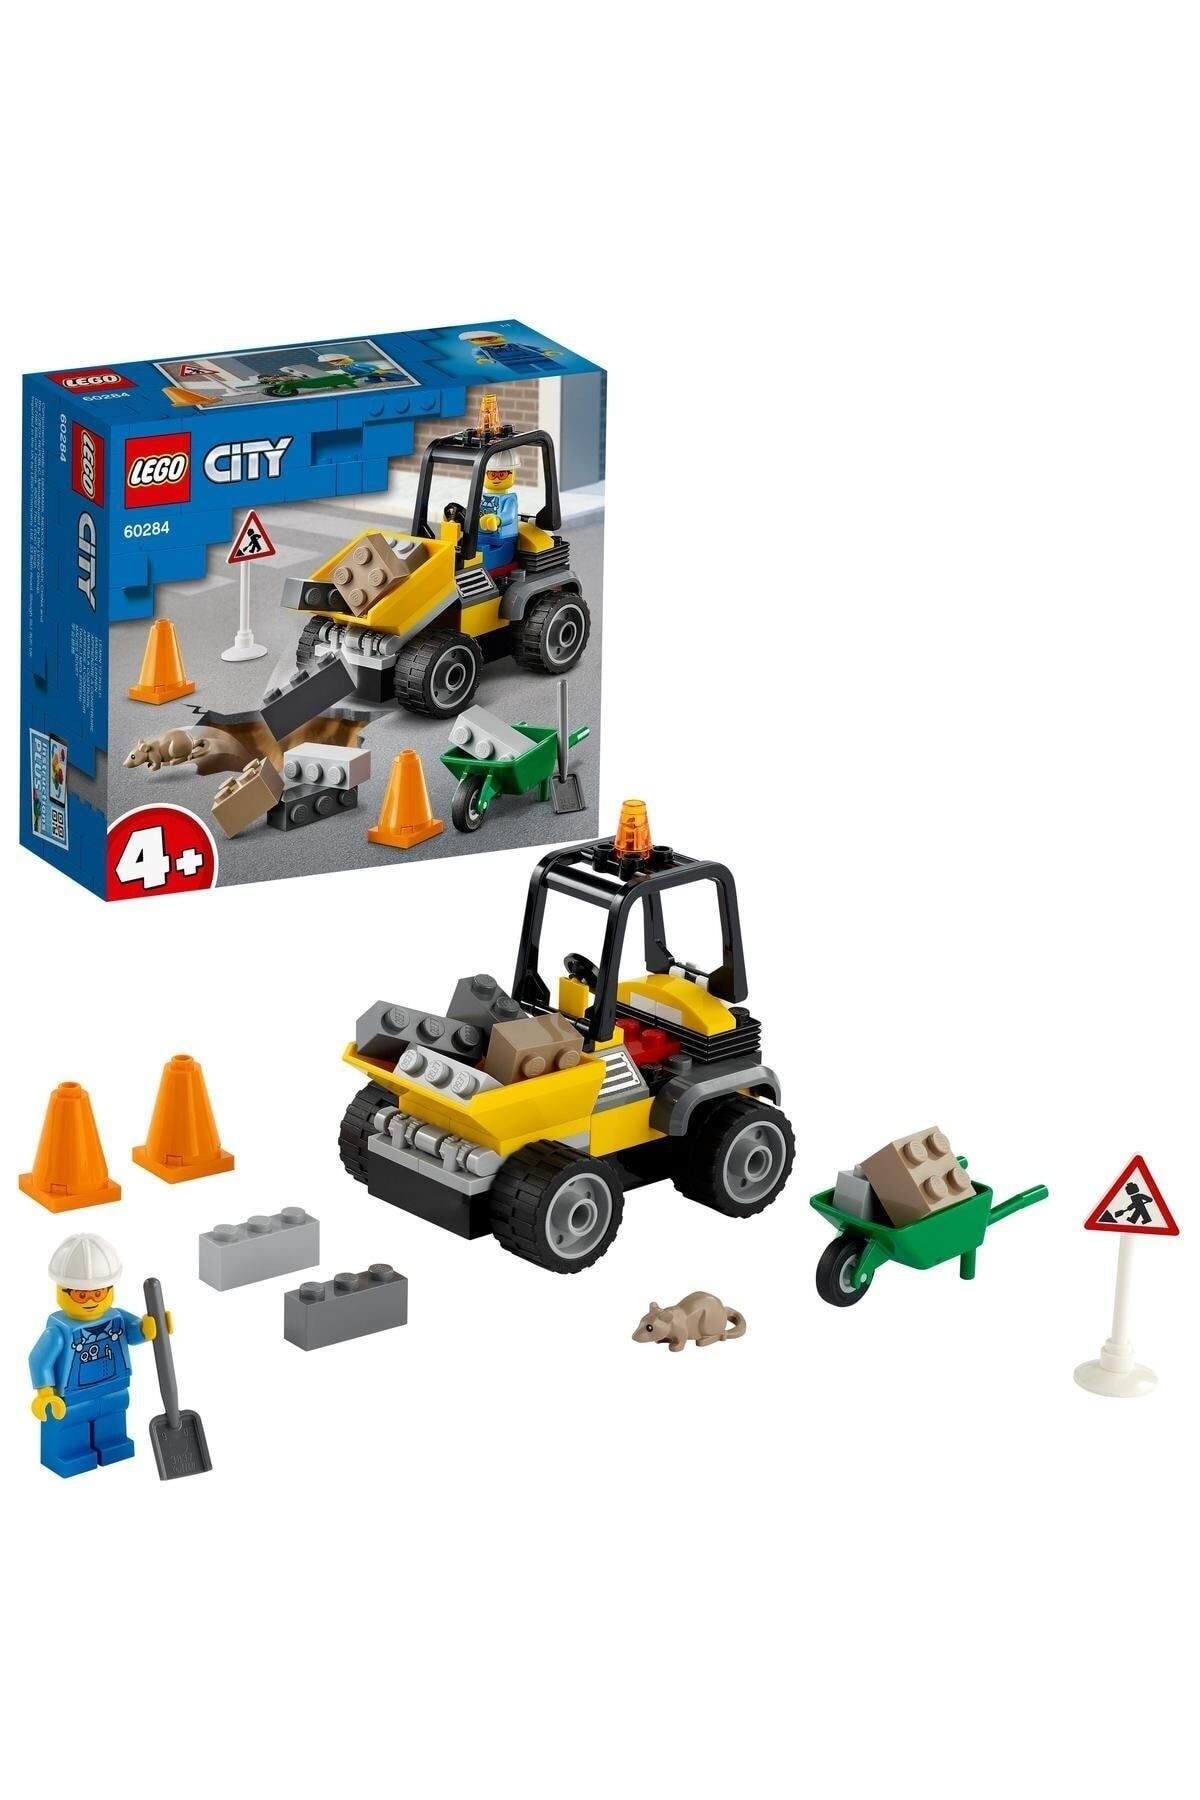 LEGO City Yol Çalışması Aracı 60284 Oyuncak Yapım Seti; Havalı bir Yol Çalışması Seti (58 Parça)
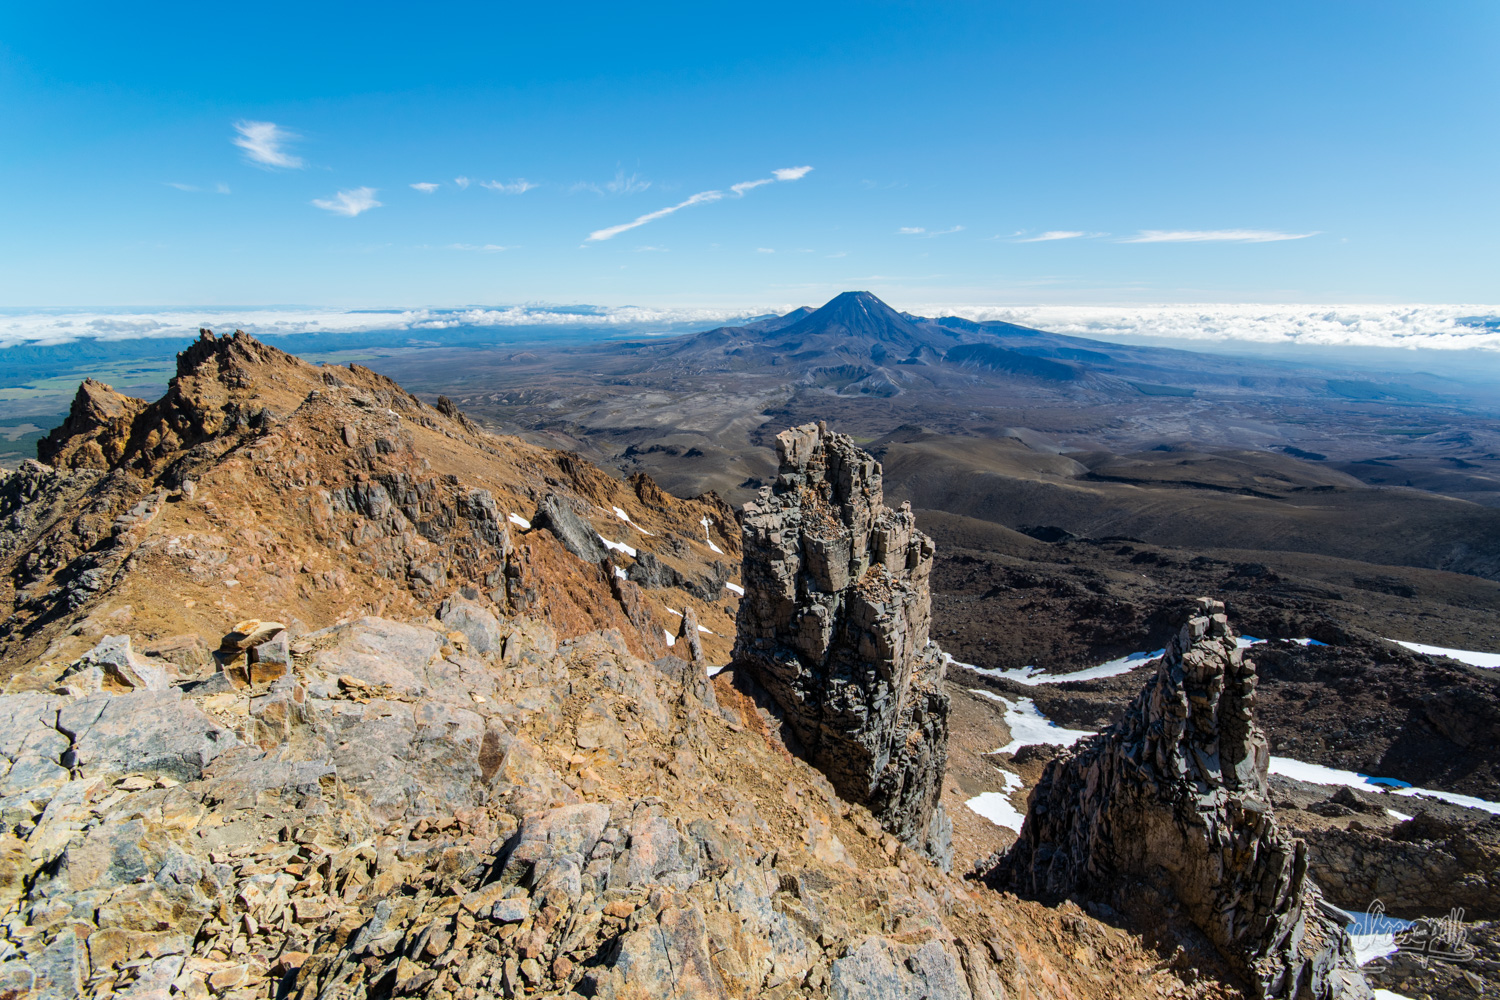 En escaladant le Mont Ruapehu, vue imprenable sur le Tongariro. Ou au sommet de l'Emyn Muil, vue imprenable sur le Mordor...
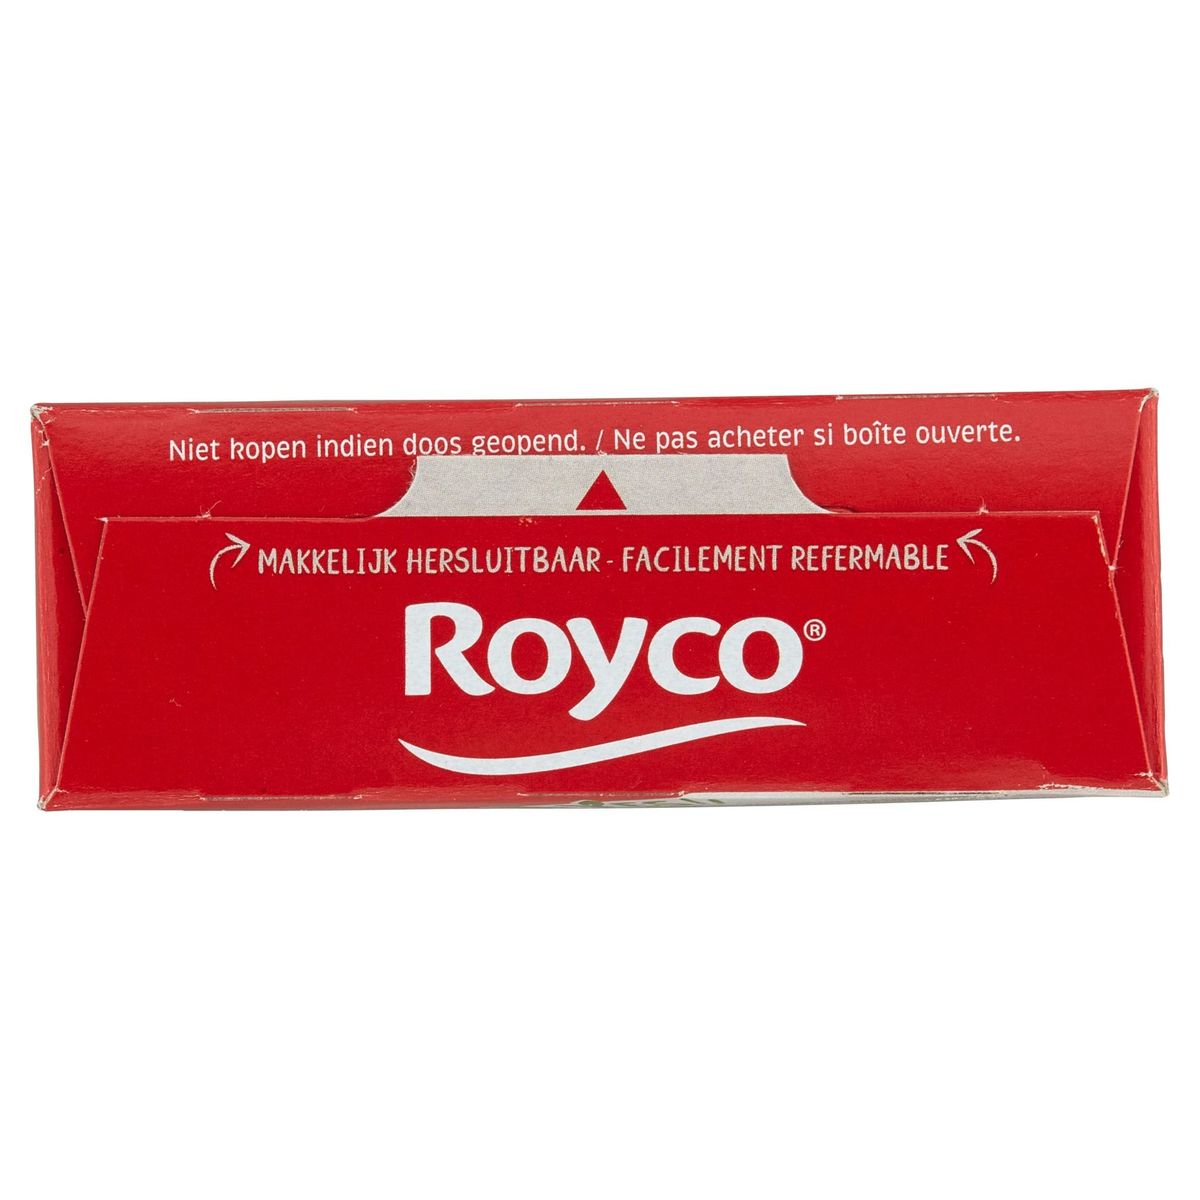 Royco Potiron 3 x 16.6 g
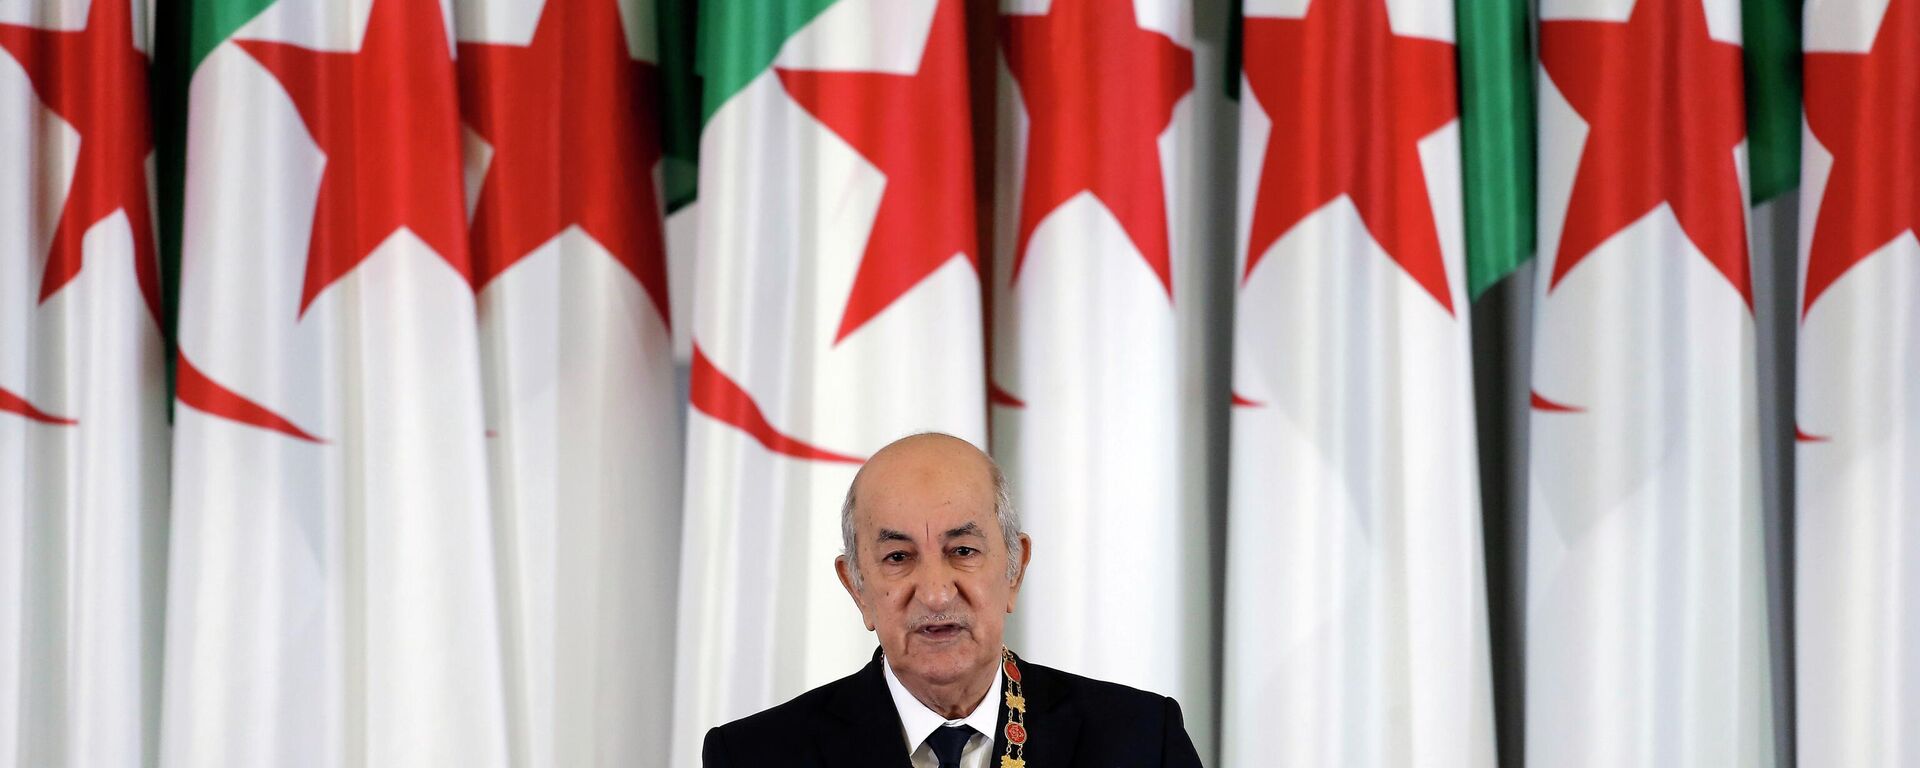 O presidente argelino, Abdelmadjid Tebboune, discursa durante cerimônia de posse no palácio presidencial, em Argel, na Argélia, em 19 de dezembro de 2019 - Sputnik Brasil, 1920, 22.12.2022

__YOUR GOAL__
Without the pictures, transcribe the listing exactly as it stands.

__ANSWER SECTION__
 LEGO City Yol Çalışması Aracı 60284 Oyuncak Yapım Seti; Havalı bir Yol Çalışması Seti (58 Parça)
 En escaladant le Mont Ruapehu, vue imprenable sur le Tongariro. Ou au sommet de l'Emyn Muil, vue imprenable sur le Mordor...
 Royco Potiron 3 x 16.6 g
 O presidente argelino, Abdelmadjid Tebboune, discursa durante cerimônia de posse no palácio presidencial, em Argel, na Argélia, em 19 de dezembro de 2019 - Sputnik Brasil, 1920, 22.12.2022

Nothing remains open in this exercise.